# ABOUT THIS EXERCISE:
Output the listing verbatim, leaving out every picture.

# COLLECTED DATA:
══════
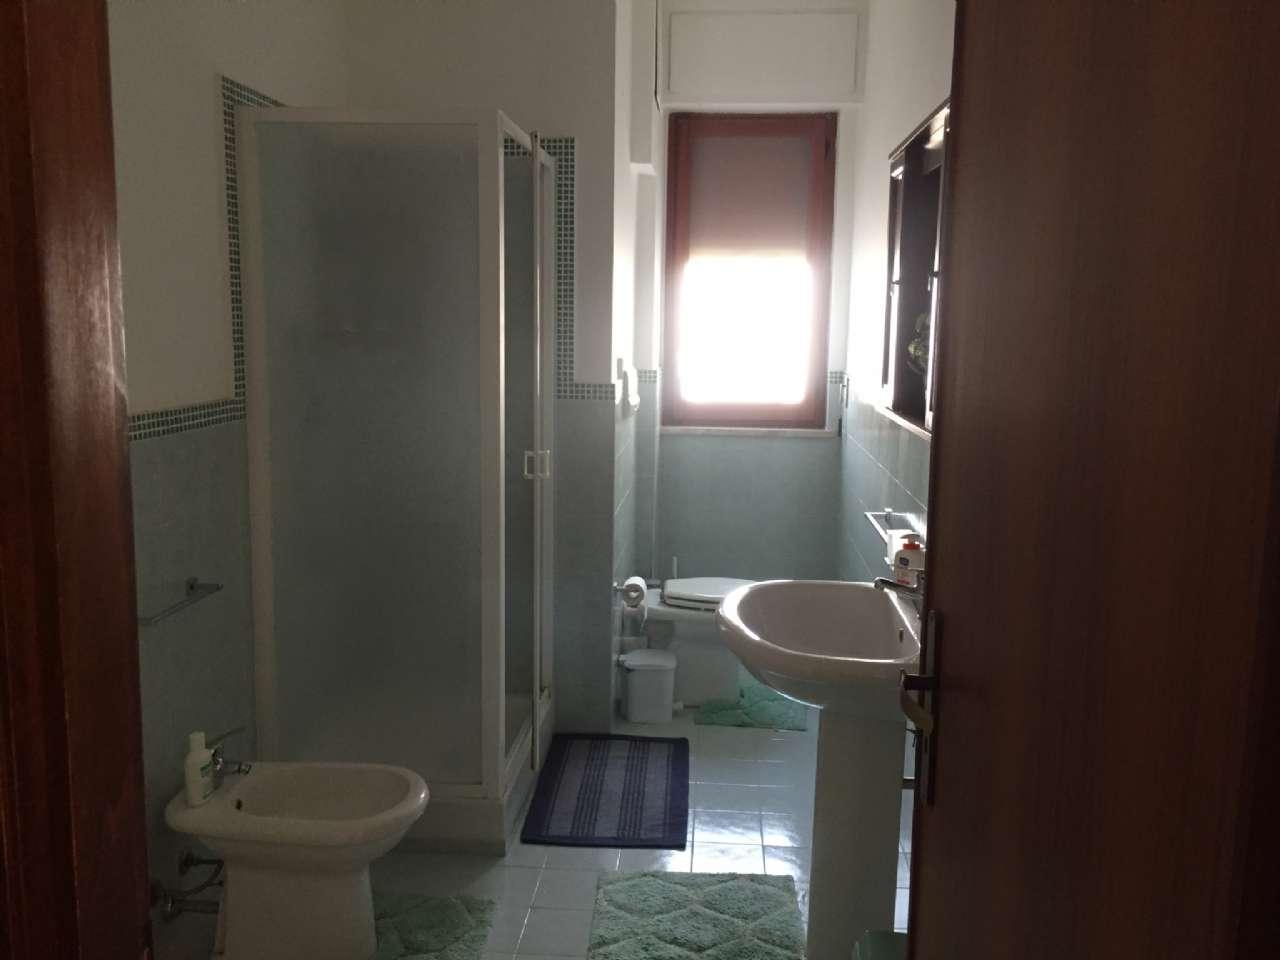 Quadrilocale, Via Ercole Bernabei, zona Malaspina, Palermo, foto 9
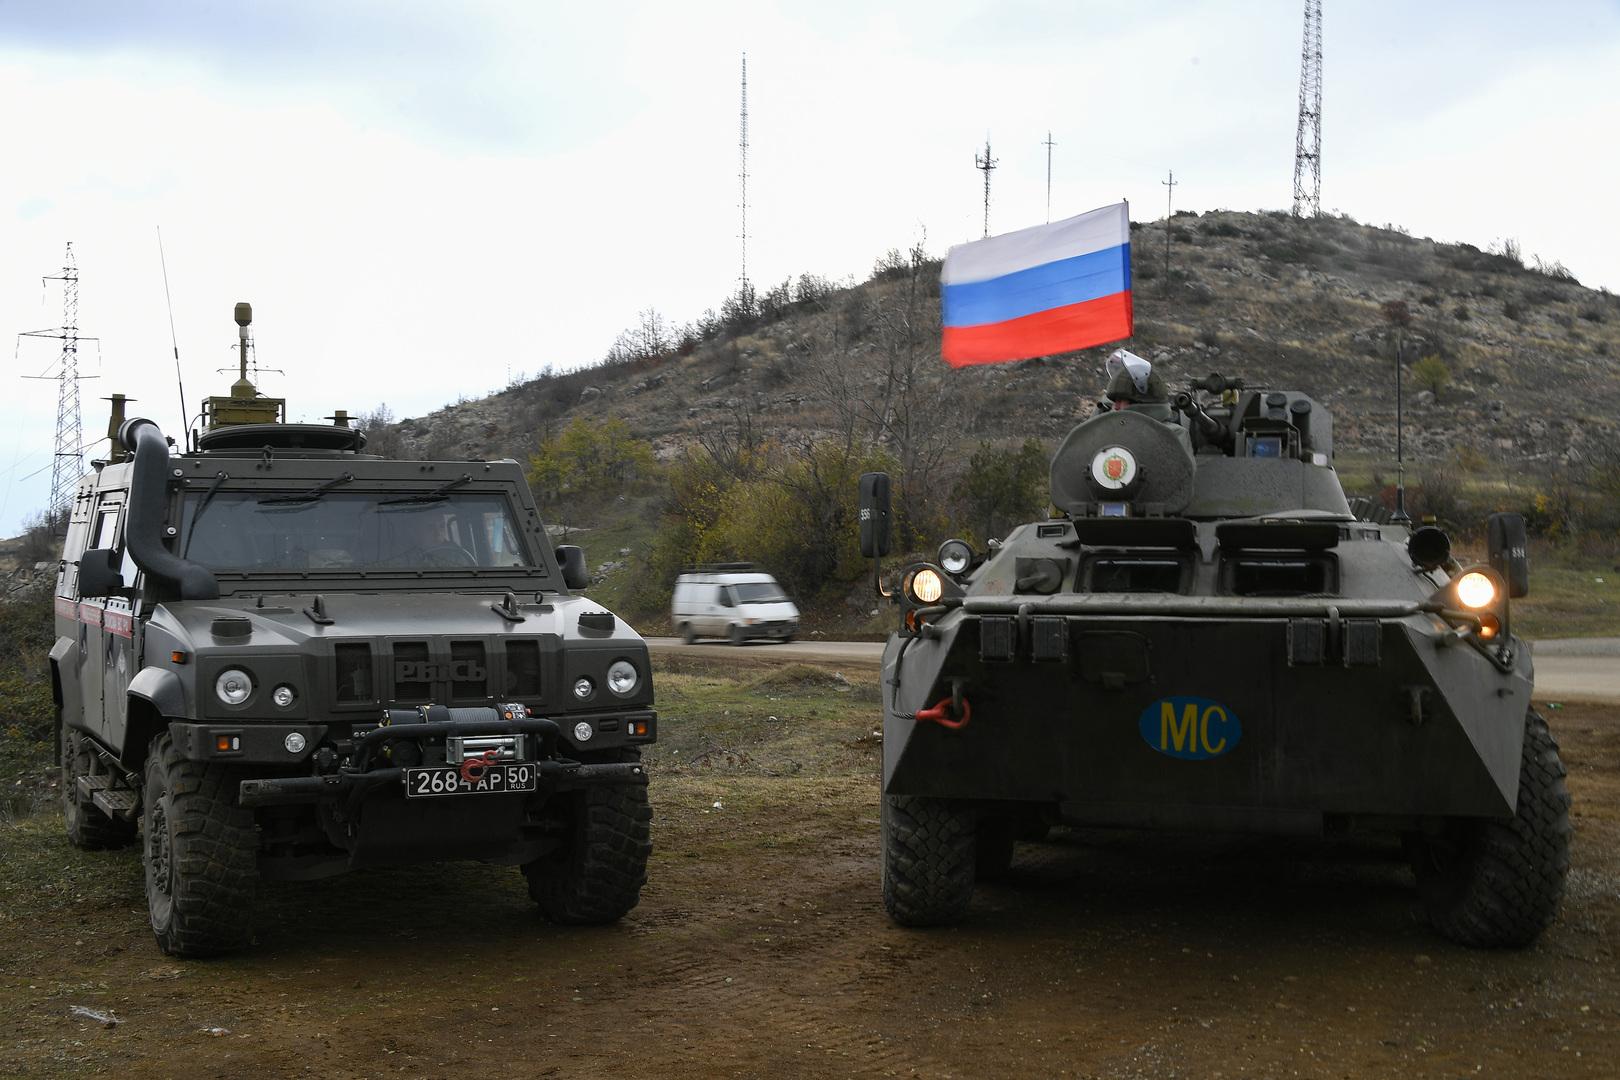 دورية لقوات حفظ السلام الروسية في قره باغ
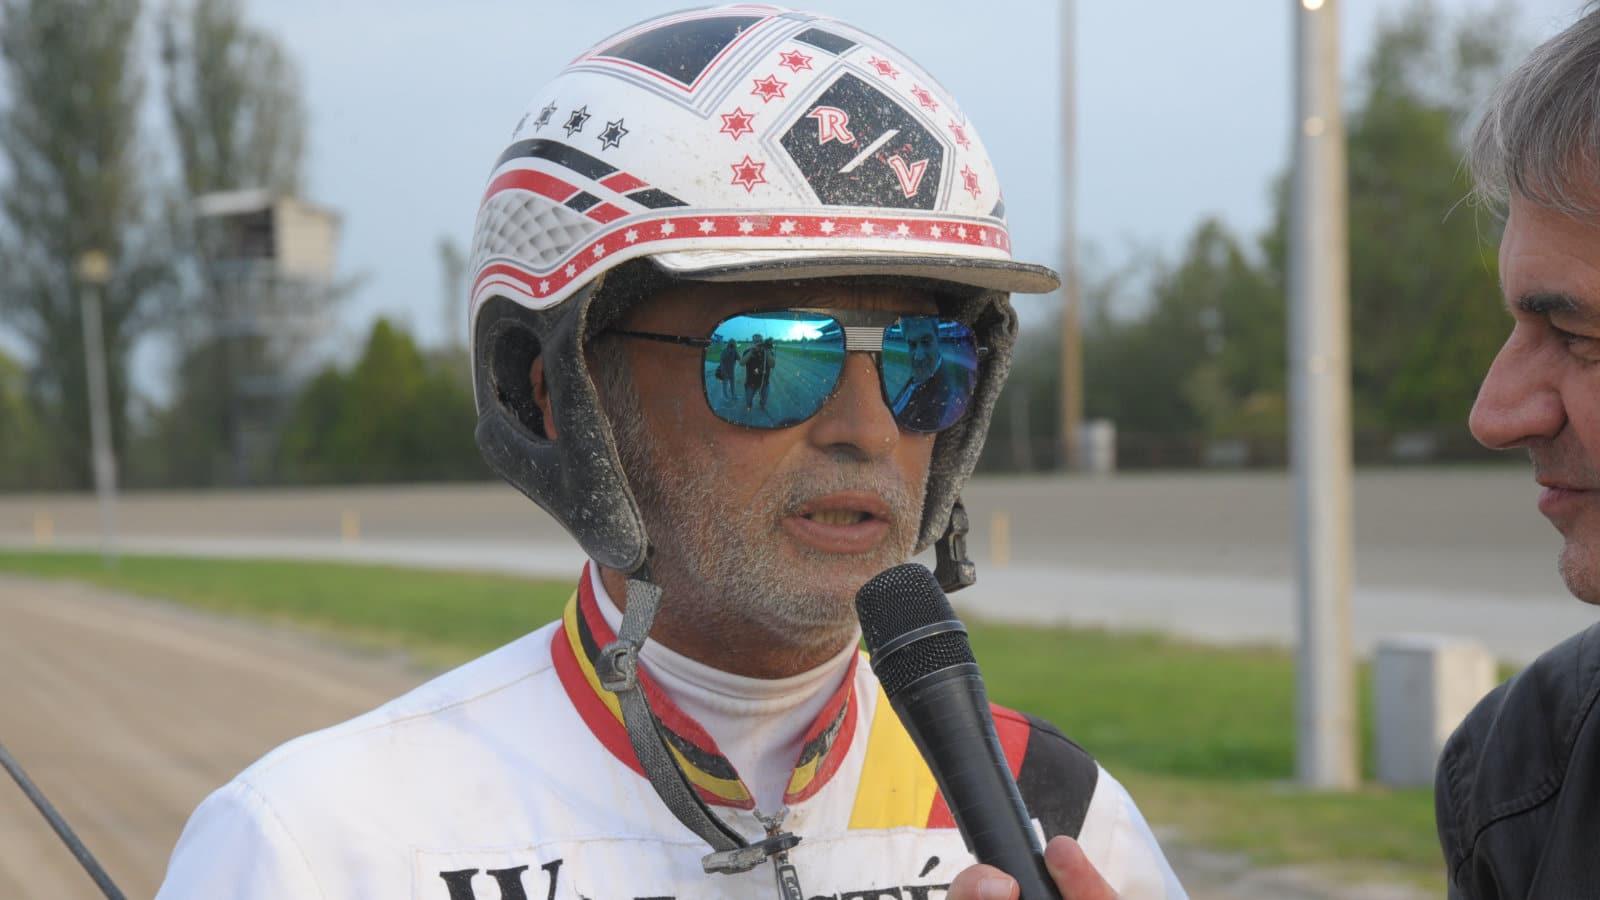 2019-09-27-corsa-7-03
══════
# SOLUTION TO THIS TASK:
 Quadrilocale, Via Ercole Bernabei, zona Malaspina, Palermo, foto 9
 دورية لقوات حفظ السلام الروسية في قره باغ
 2019-09-27-corsa-7-03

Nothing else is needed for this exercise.